A river this long should be a highway. The Paraiba do Sul is not. Only two segments can be navigated at present. The lower 90 kilometers between the mouth and Sao Fidelis see incipient navigation by small boats carrying mainly construction material toward Campos dos Goytacazes. The upper middle section, about 280 kilometers between Cachoeira Paulista and Guararema, allows tourist boats. Elsewhere navigation is blocked by waterfalls, rapids, sections of steep declivity, and hydroelectric dams built without locks. Highway and railway bridges cross the water in dozens of places. Roads and rail lines press against both banks. Cities stand where any dock would go. The river supports industry and life along its shores, but it does not support a viable inland shipping route. That absence shaped the region's transportation infrastructure - when the river could not move freight, somebody had to build a rail line, and then a highway, and then another highway.

Fish and What Pressures Them

Water temperatures in this river follow a southern Brazilian pattern of distinct seasonal variation rather than the relatively stable profile of rivers further north. In Lorena, Sao Paulo, one survey recorded water as warm as 26.6 degrees Celsius in summer and as cool as 15.2 degrees in winter. The pH is neutral, generally between 6 and 8 - favorable conditions for a diverse fish fauna. Just over 100 native fish species live in the Paraiba do Sul basin, belonging mostly to the Loricariidae, Characidae, and Trichomycteridae families.

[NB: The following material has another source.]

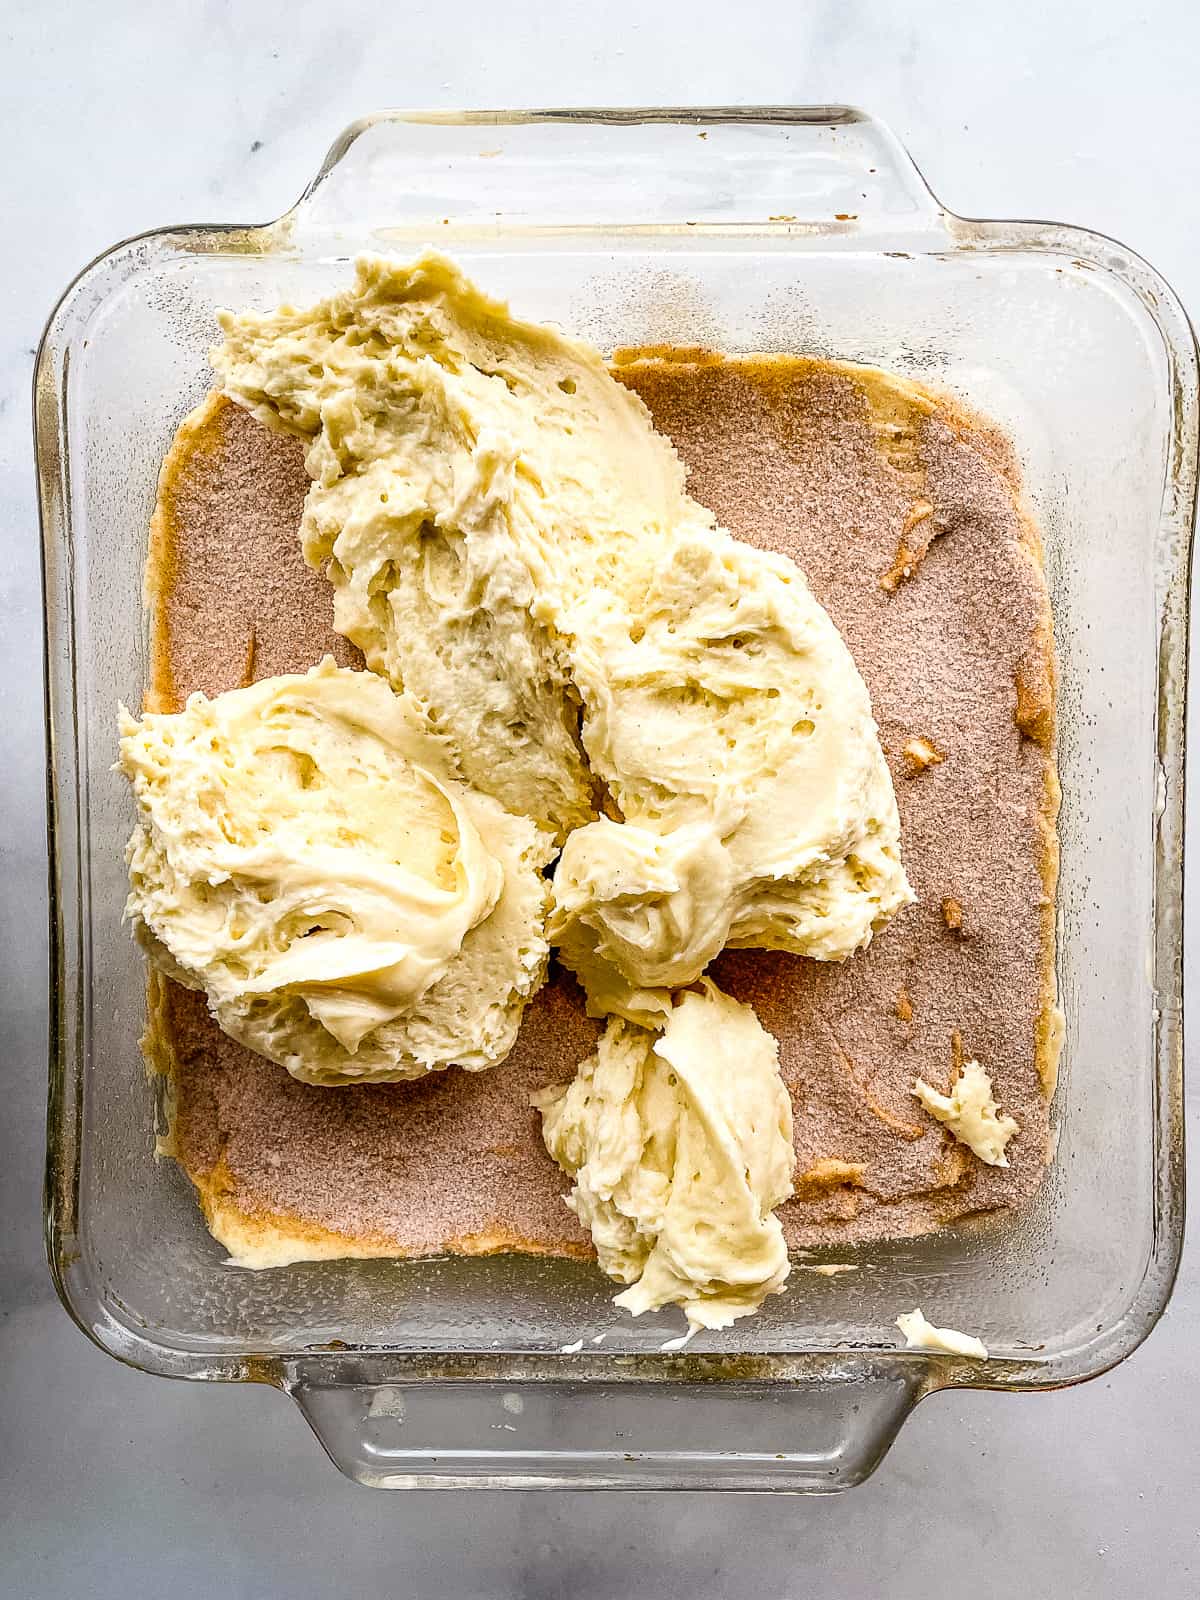 Gluten-free coffee cake batter and filling in a cake pan.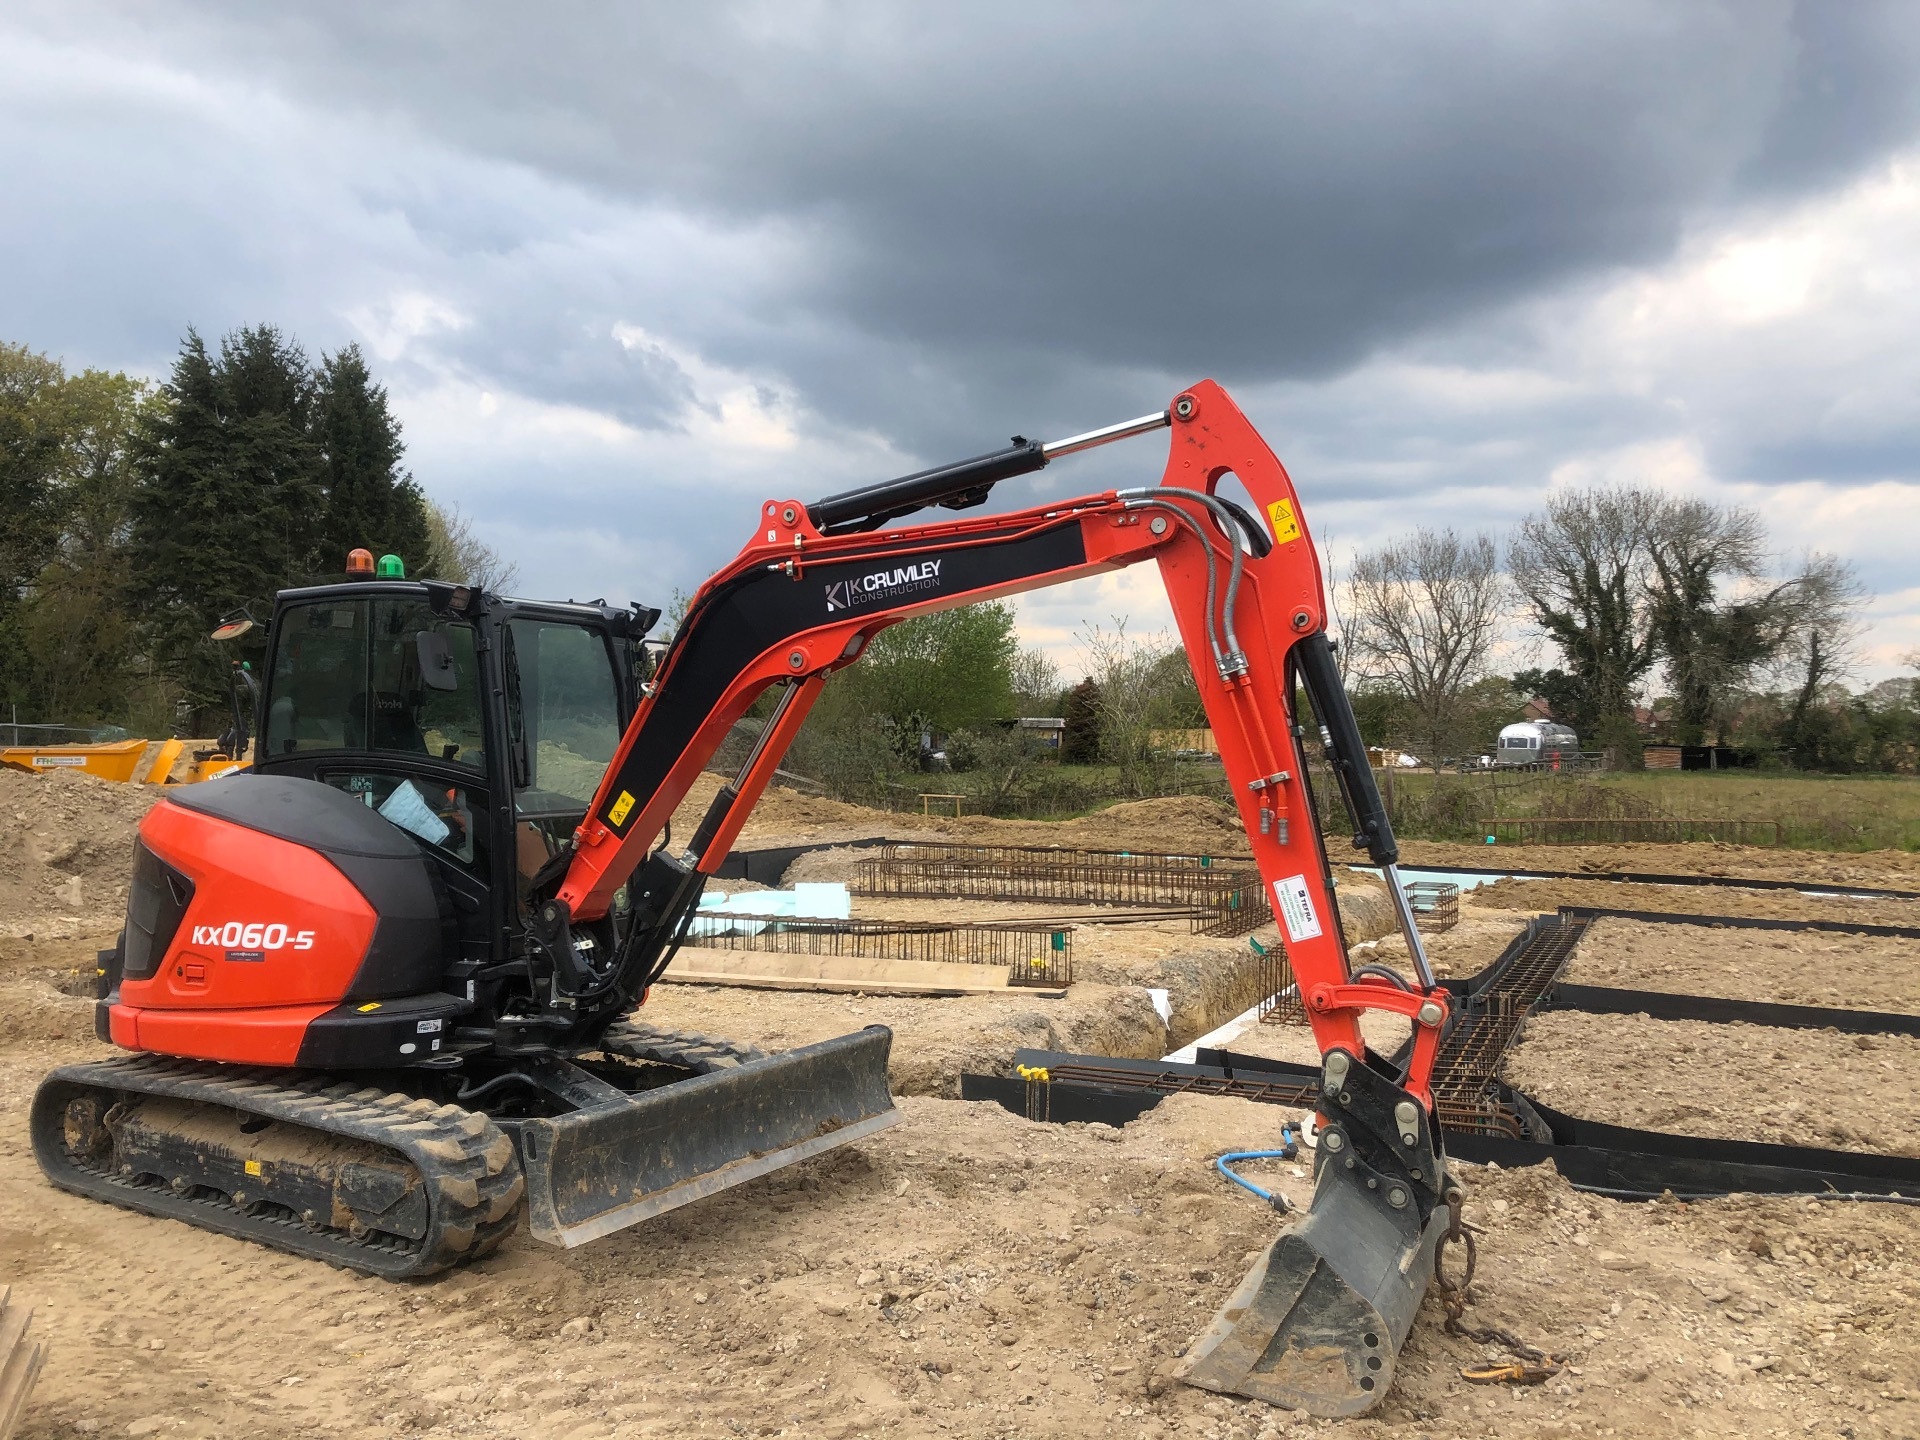 One of K Crumley Construction's diggers hard at work on a groundworks project in west Sussex.

About 40 percent of those species are endemic to the basin - they exist nowhere else. The entire genus Oligobrycon is restricted to these waters. But density and industry put constant pressure on the system. Studies of the native cichlid Geophagus brasiliensis have found heavy metal levels that exceed Brazilian food safety limits. Forty-six non-native fish species now compete for habitat. Parasitic copepods like Lernaea cyprinacea have arrived on hitched rides. Brycon insignis and Pogonopoma parahybae are seriously threatened. The catfish Potamarius grandoculis, known only from the mouth of the Paraiba do Sul and the Doce River, may already be extinct.

The Conservation Plan and What Remains at Risk

Other threatened species add weight to the river's precarious status. The bivalves Diplodon dunkerianus, D. expansus, and D. fontaineanus struggle with reduced water quality and sediment changes. Hoge's side-necked turtle, Mesoclemmys hogei, is one of the most endangered turtles in South America. The Brazilian government published a national conservation plan with recommendations for the river basin in 2010, acknowledging what biologists had been saying for years: the Paraiba do Sul is a river that carries both extraordinary biological value and extraordinary anthropogenic pressure, and the two cannot continue their current balance indefinitely. To fly over the Paraiba do Sul is to see the problem in landscape form - a river threading through sprawling urban and industrial zones, factories backing up to its banks, highways shadowing it the entire length. To understand what the water contains is to see that despite everything, something of the pre-colonial ecology still survives in its pools and riffles, and the question is whether it will survive another century of the Brazil it helped build.

From the Air

The Paraiba do Sul River flows 1,137 kilometers from its source near 23 degrees south in Sao Paulo state to its mouth at about 21.6 degrees south, 41.0 degrees west near Campos dos Goytacazes, where the highlighted coordinates point. Useful navigation reference along the populous Vale do Paraiba corridor between Rio de Janeiro and Sao Paulo. Nearest airports along the course: Galeao (SBGL) Rio de Janeiro, Guarulhos (SBGR) Sao Paulo, Campos (SBCP) at the mouth. Cruise altitudes of 6,000 to 10,000 feet in clear weather give excellent views of the winding river, its valley cities, and the industrial corridors that line its banks.